Memory and conversation persistence let agents maintain context across HowLongToBeat queries for multi-turn workflows

HowLongToBeat + LangChain Use Cases

Practical scenarios where LangChain combined with the HowLongToBeat MCP Server delivers measurable value.

01

RAG with live data: combine HowLongToBeat tool results with vector store retrievals for answers grounded in both real-time and historical data

02

Autonomous research agents: LangChain agents query HowLongToBeat, synthesize findings, and generate comprehensive research reports

03

Multi-tool orchestration: chain HowLongToBeat tools with web scrapers, databases, and calculators in a single agent run

04

Production monitoring: use LangSmith to trace every HowLongToBeat tool call, measure latency, and optimize your agent's performance

HowLongToBeat MCP Tools for LangChain (1)

These 1 tools become available when you connect HowLongToBeat to LangChain via MCP:

01

search_game_times

Search for game completion times

Example Prompts for HowLongToBeat in LangChain

Ready-to-use prompts you can give your LangChain agent to start working with HowLongToBeat immediately.

01

"How long does it take to beat the main story of The Witcher 3?"

02

"Is 'Hades' a short game for a completionist?"

03

"Compare the completion times for 'Skyrim' and 'Starfield'."

Troubleshooting HowLongToBeat MCP Server with LangChain

Common issues when connecting HowLongToBeat to LangChain through the Vinkius, and how to resolve them.

01

MultiServerMCPClient not found

Install: pip install langchain-mcp-adapters

HowLongToBeat + LangChain FAQ

Common questions about integrating HowLongToBeat MCP Server with LangChain.

01

How does LangChain connect to MCP servers?

Use langchain-mcp-adapters to create an MCP client. LangChain discovers all tools and wraps them as native LangChain tools compatible with any agent type.
02

Which LangChain agent types work with MCP?

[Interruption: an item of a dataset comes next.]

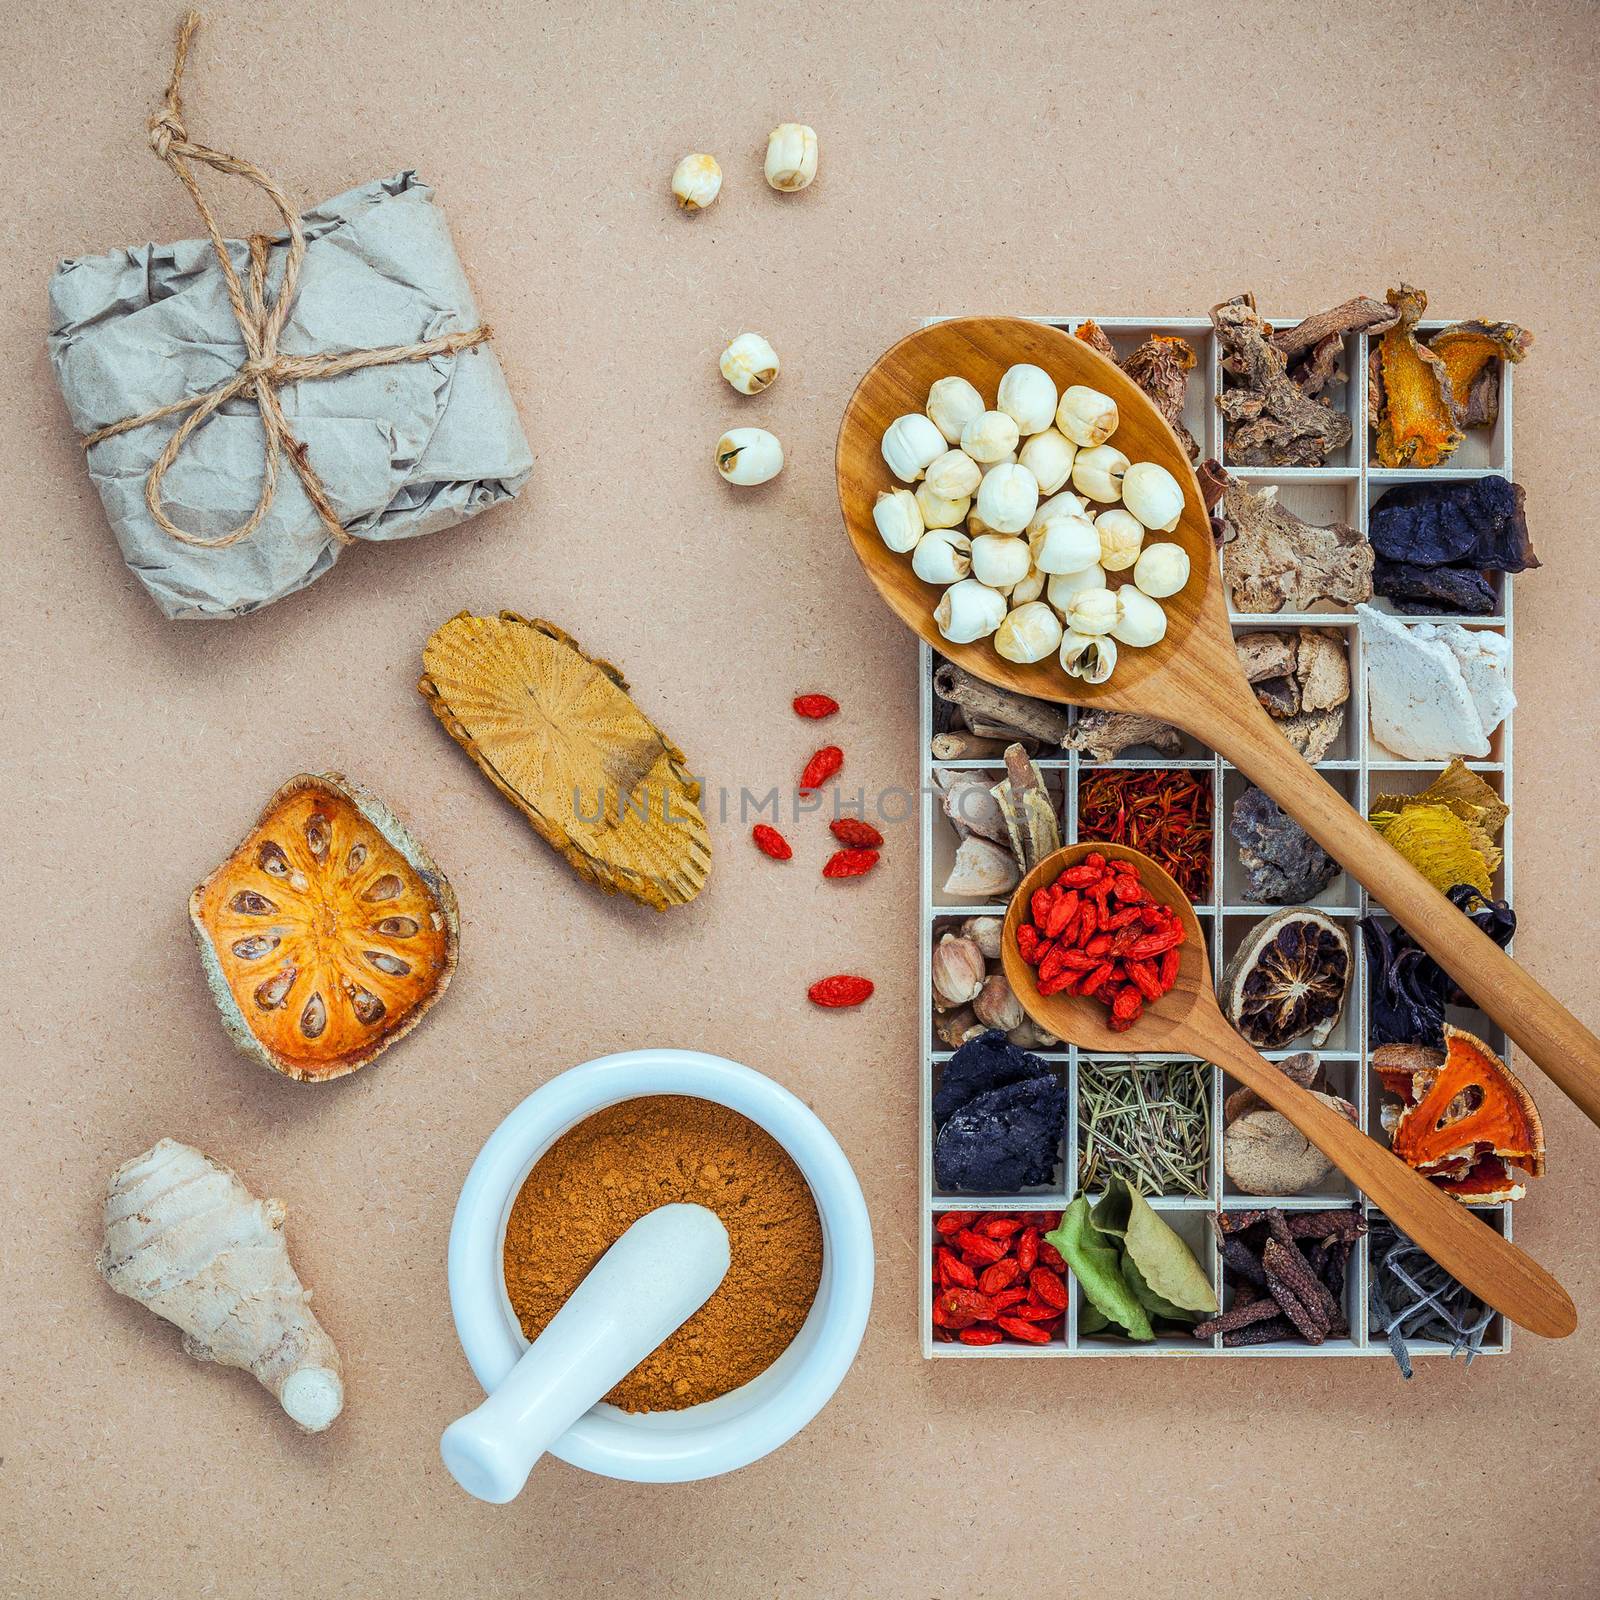 Alternative health care and herbal medicine. Dried various Chinese herbs in wooden box and lotus seeds in wooden spoon with white mortar on brown background flat lay.

All agent types including ReAct, OpenAI Functions, and custom agents work with MCP tools. The tools appear as standard LangChain tools after the adapter wraps them.
03

Can I trace MCP tool calls in LangSmith?

Yes. All MCP tool invocations appear as traced steps in LangSmith, showing input parameters, response payloads, latency, and token usage.

Connect HowLongToBeat to LangChain

Get your token, paste the configuration, and start using 1 tools in under 2 minutes. No API key management needed.